Zipping multiple RDDs at once

I’m using H2O for some machine learning and, when I have to score multiple models with data sharing some features, I find it useful to represent the data in a columnar format and pass only the columns necessary for the scoring to the H2O model. This helps me in saving memory (as I don’t have to replicate the shared features) and allows me to parallelise the scoring, having multiple threads concurrently scoring a model using only a set of columns of my DataFrame. However, this produces a number of DataFrames containing the predicted values. Ideally you want to zip these single-columns DataFrame to the original DataFrame. It happens that there are multiple methods to zip RDDs in Spark (.zip and .zipPartitions), but all of them only allow a fixed number of RDDs to be zipped. This forces you to iteratively zip one RDD after the other, slowing down the process and producing errors. Just recently I had to zip hundreds of RDDs and I ended up with a StackOverflowError. This was because Spark recursively generates a new RDD processor when to invoke the zip method and, after you reach a certain boundary the stack goes over the limit.

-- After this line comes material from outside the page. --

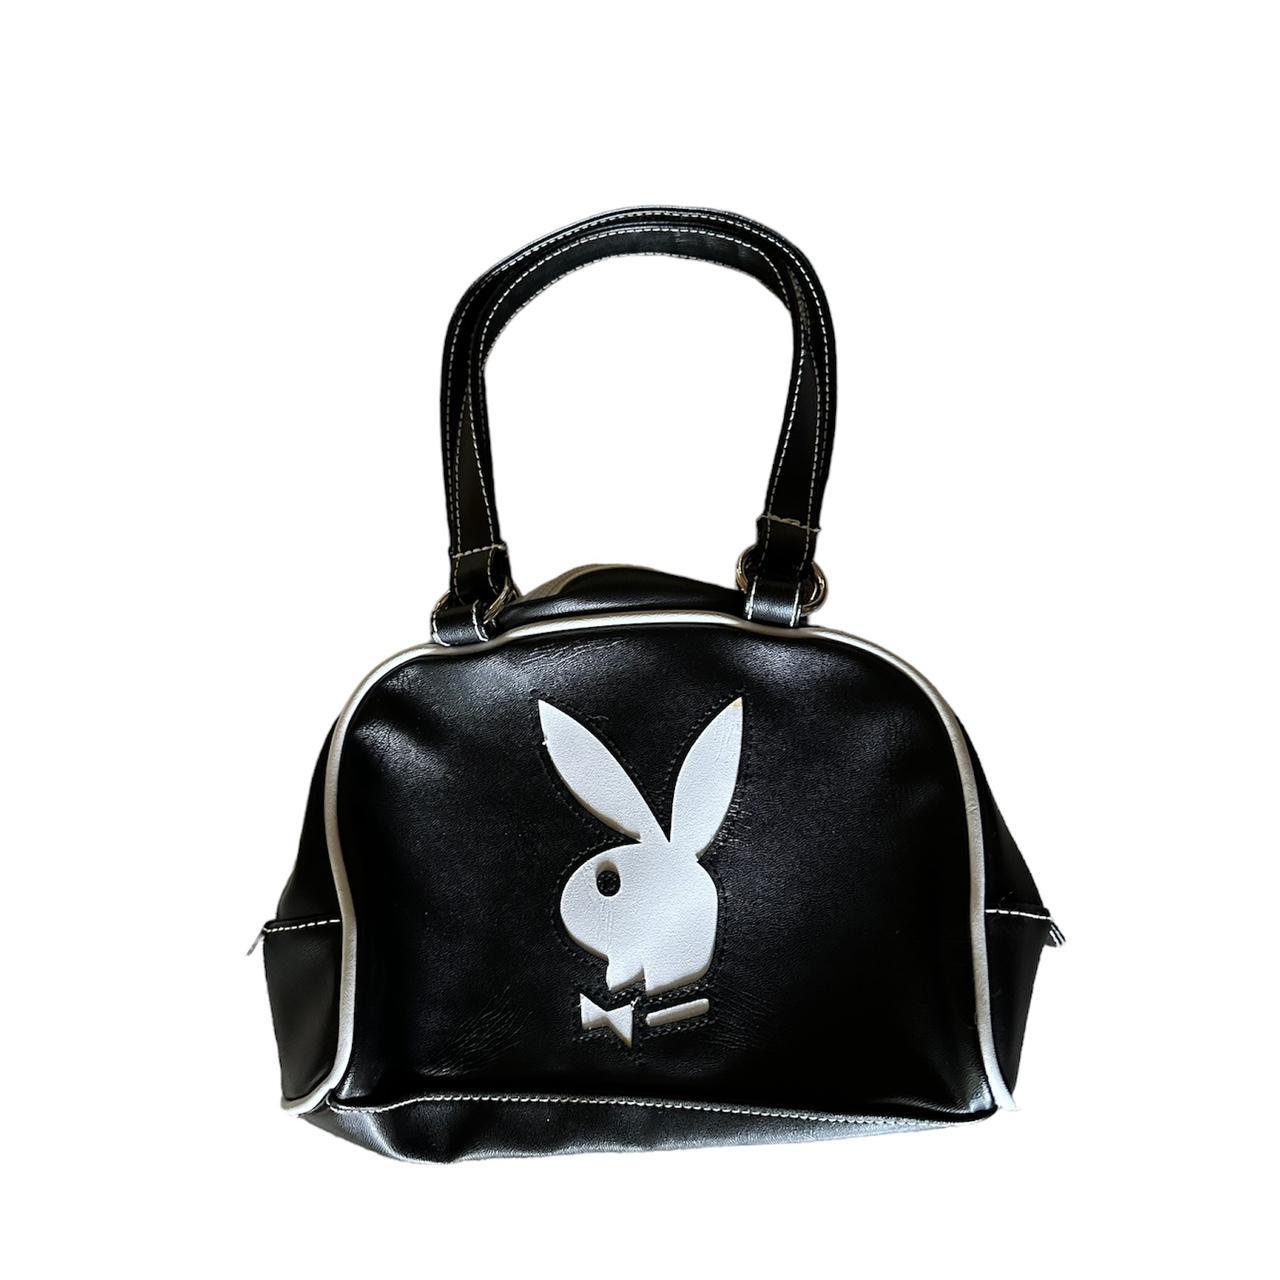 Free: PLAYBOY BUNNY Handbag Purse Satchel Black with Purple Bunny & Hidden  Bunnies in Animal Print. - Handbags - Listia.com Auctions for Free Stuff

How do we solve this issue? Ideally we want to have a zip functionality allowing us to zip an list of RDDs at once. This would be much more space and speed efficient. So I did and this is my implementation:

package org.apache.spark.rdd

import org.apache.spark.{TaskContext, Partition, SparkContext}

import scala.reflect.ClassTag

/**
* Created by admin on 22/10/16.
*/
private[spark] class ZippedPartitionsList[T: ClassTag](
sc: SparkContext,
rdds: Seq[RDD[T]],
var f: (Seq[Iterator[T]]) => Iterator[T],
preservesPartitioning: Boolean = false)
extends ZippedPartitionsBaseRDD[T](sc, rdds, preservesPartitioning) {

override def compute(s: Partition, context: TaskContext): Iterator[T] = {
tryPrepareParents()
val partitions = s.asInstanceOf[ZippedPartitionsPartition].partitions
f(rdds.zipWithIndex.map(t => t._1.iterator(partitions(t._2), context)))
}

override def clearDependencies() {
super.clearDependencies()
f = null
}
}


object RddExt {
implicit class RddZipExt[T: ClassTag](rdd: RDD[T]) {

def zipPartitionsList(
rdds: Seq[RDD[T]],
preservesPartitioning: Boolean,
f: (Seq[Iterator[T]]) => Iterator[T]
) : RDD[T] = {
new ZippedPartitionsList[T](
rdd.context, Seq[RDD[T]](rdd) ++ rdds, rdd.context.clean(f), preservesPartitioning
)
}


}
}

The implementation needs to be part of the apache spark package since it is using some private classed and methods. The approach works really well and I achieved a speed that is orders of magnitude faster than zipping RDDs one by one. The following code shows how you zip an arbitrary number of DataFrames:

val zipped = originals.rdd.zipPartitionsList(
predictions.map(_.rdd), true,
s => {
val rows = new mutable.MutableList[Row]
while(s.map(_.hasNext).foldLeft(true)((a,b) => a && b)) {
val values = s.foldLeft(Seq[Object]())((a,b) => a ++ b.next().toSeq.asInstanceOf[Seq[Object]])
rows += SparseRowFactory.create(newSchema, values :_*)
}
rows.iterator
}
)